The Select Sector Indices are calculated, maintained and governed using the same methodology as the S&P 500® Index, subject to the capping methodology described above. For additional information about the calculation, maintenance and governance of the S&P 500 ® Index, see “—The S&P U.S. Indices” in this underlying supplement.

 

License Agreement

 

CIBC has entered into a nonexclusive license agreement providing for the license to it, in exchange for a fee, of the right to use indices owned and published by S&P in connection with some products, including the notes.

 

Standard & Poor’s ®  and S&P ®  are registered trademarks of Standard & Poor’s Financial Services LLC (“Standard & Poor’s”); Dow Jones ®  is a registered trademark of Dow Jones Trademark Holdings LLC (“Dow Jones”); and these trademarks have been licensed for use by S&P. “Standard & Poor’s ® ,” and “S&P ® ” are trademarks of Standard & Poor’s and have been licensed for use by S&P and its affiliates and sublicensed for certain purposes by CIBC. The index is a product of S&P, and has been licensed for use by CIBC.

 

The notes are not sponsored, endorsed, sold or promoted by S&P, Dow Jones, Standard & Poor’s or any of their respective affiliates (collectively, “S&P Dow Jones Indices”).

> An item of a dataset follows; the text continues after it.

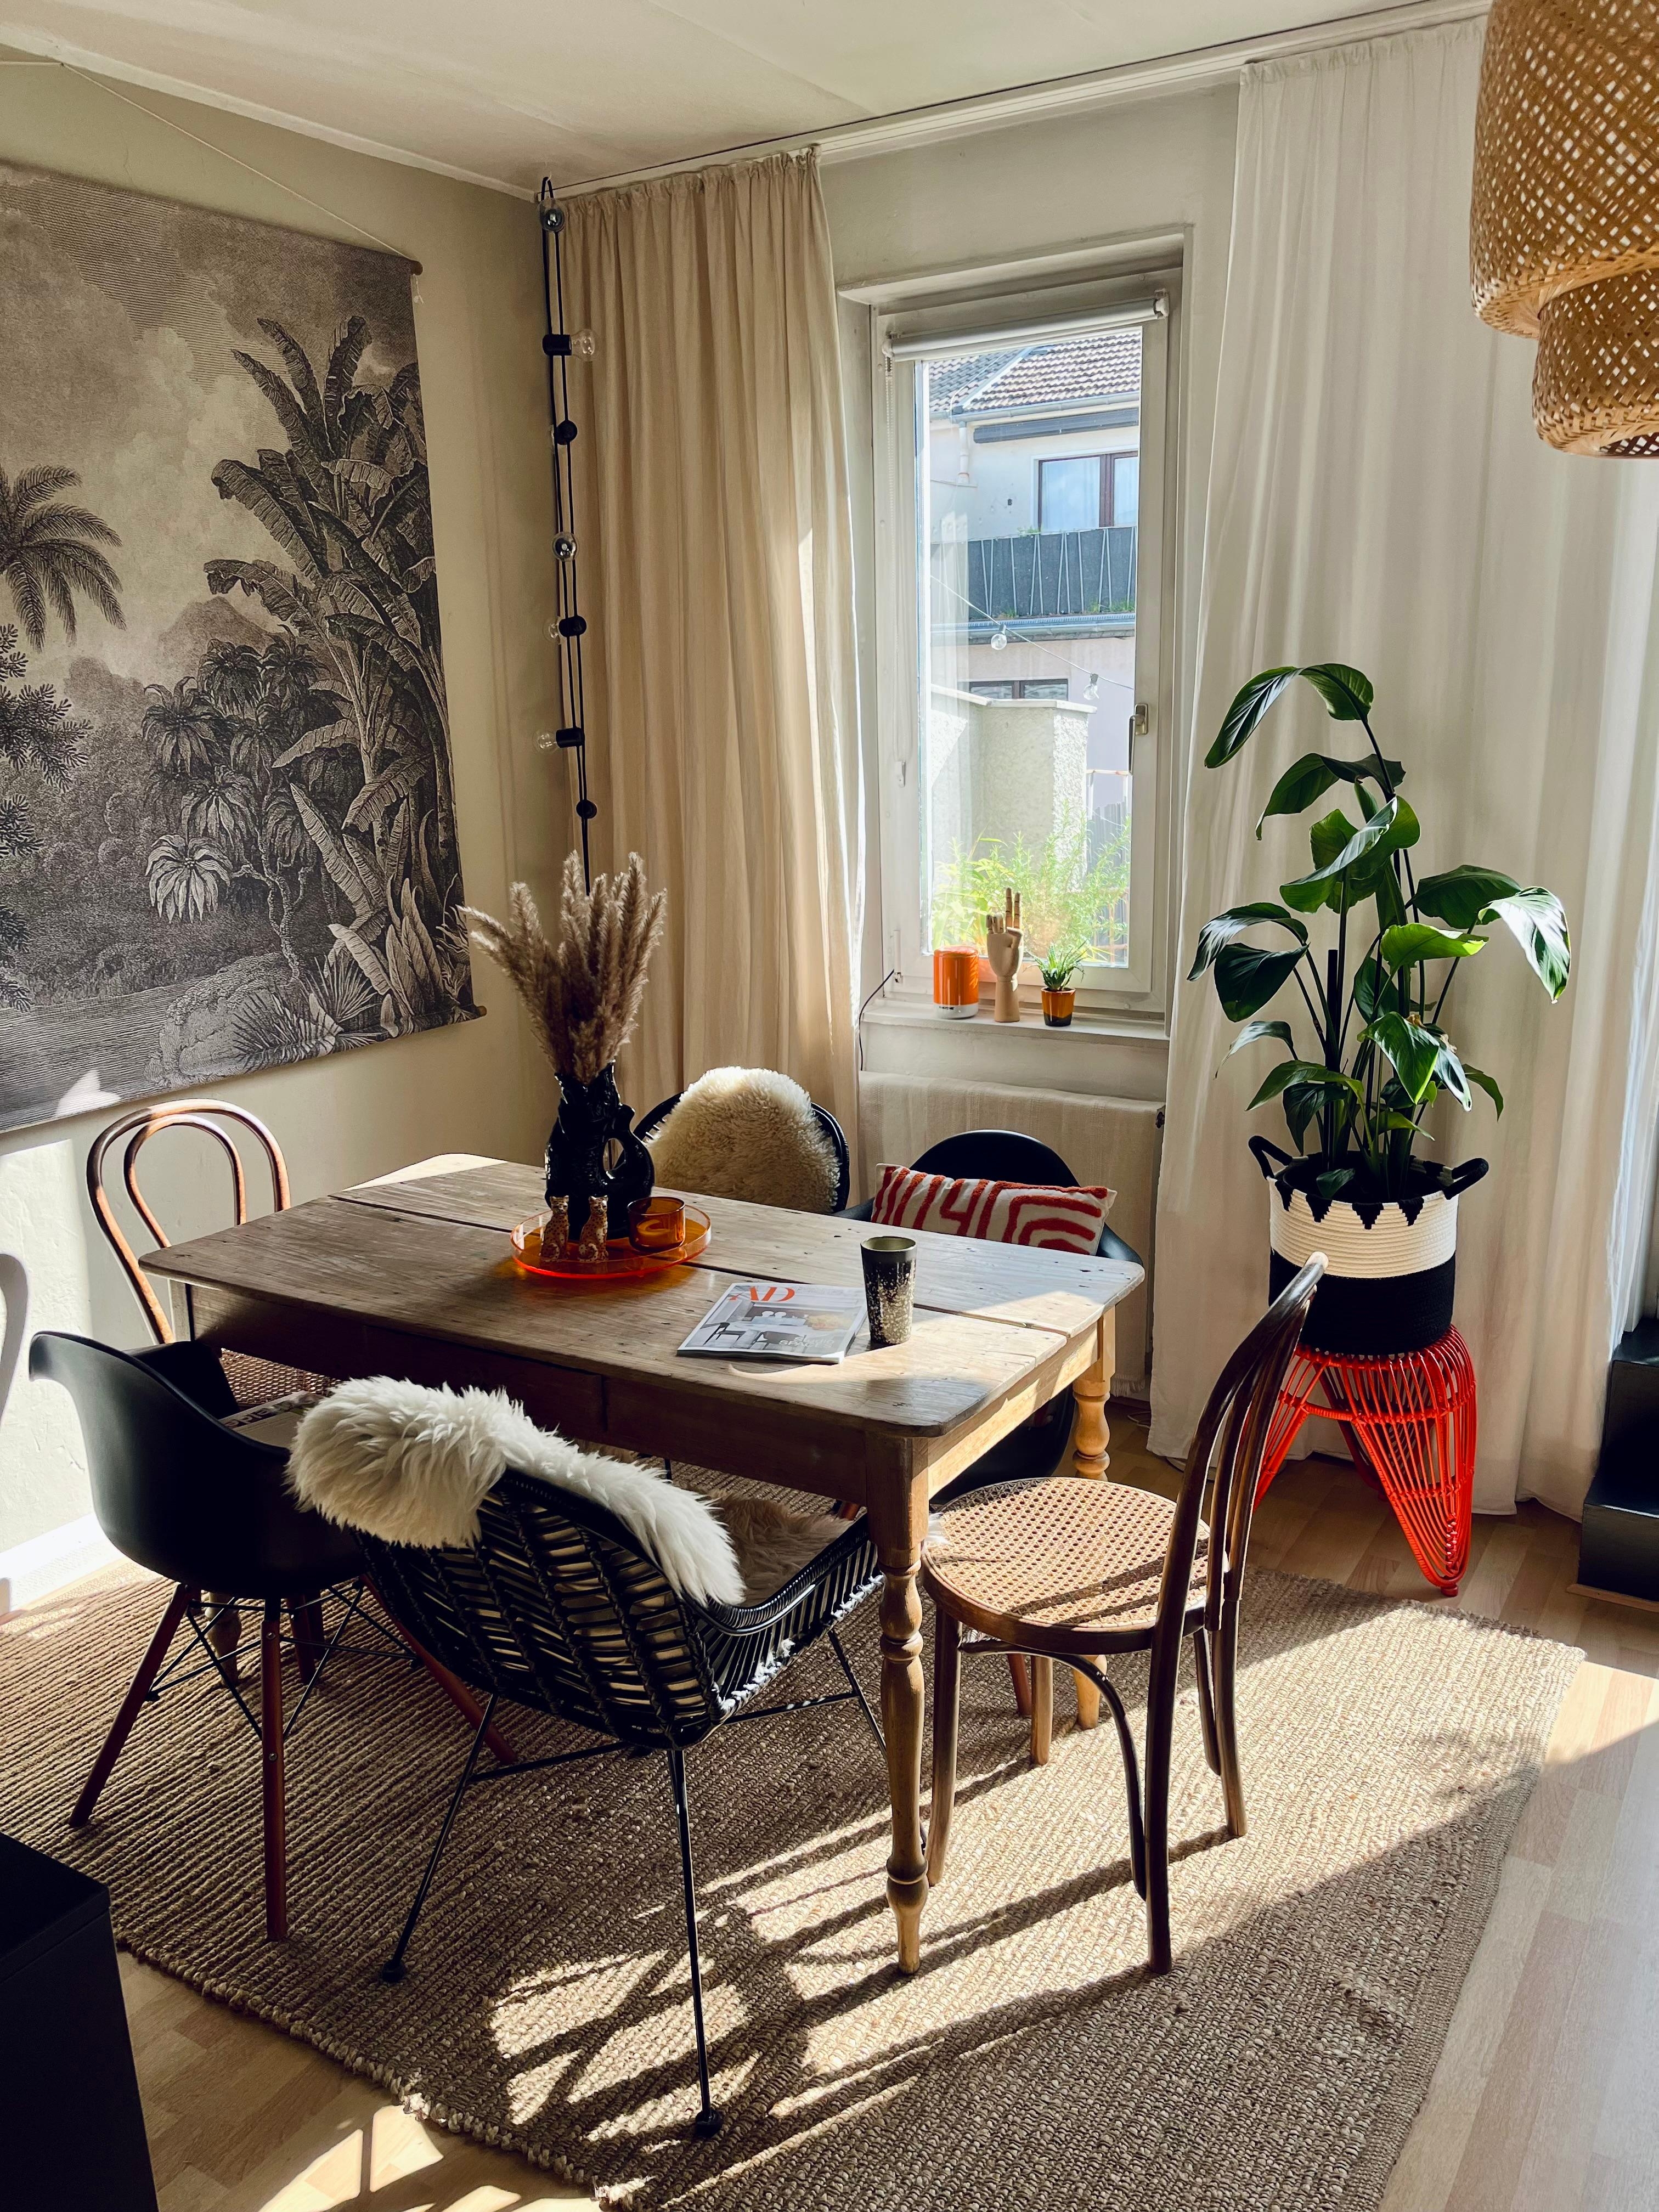 Lieblingstisch #livingroom #sunshine 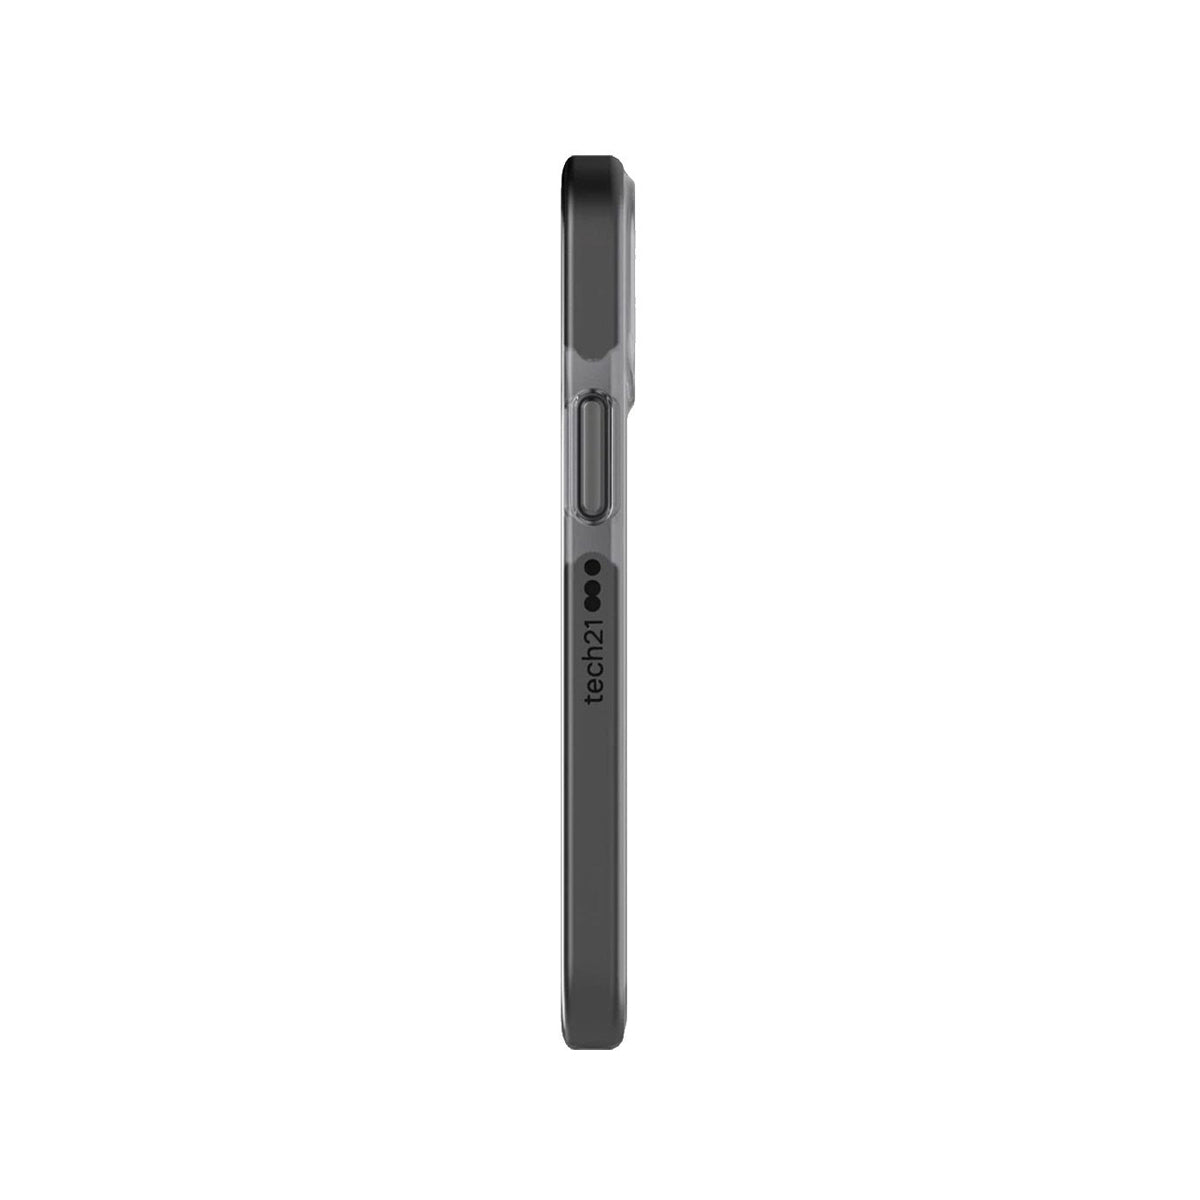 Tech21 Evo Check Case for iPhone 12 mini T21-8351 - Smokey Black.

S&P makes any representation or warranty, express or implied, to the owners of the notes or any member of the public regarding the advisability of investing in securities generally or in the notes particularly or the ability of the index to track general market performance. S&P’s only relationship to CIBC is the licensing of the index and certain trademarks, service marks and/or trade names of S&P.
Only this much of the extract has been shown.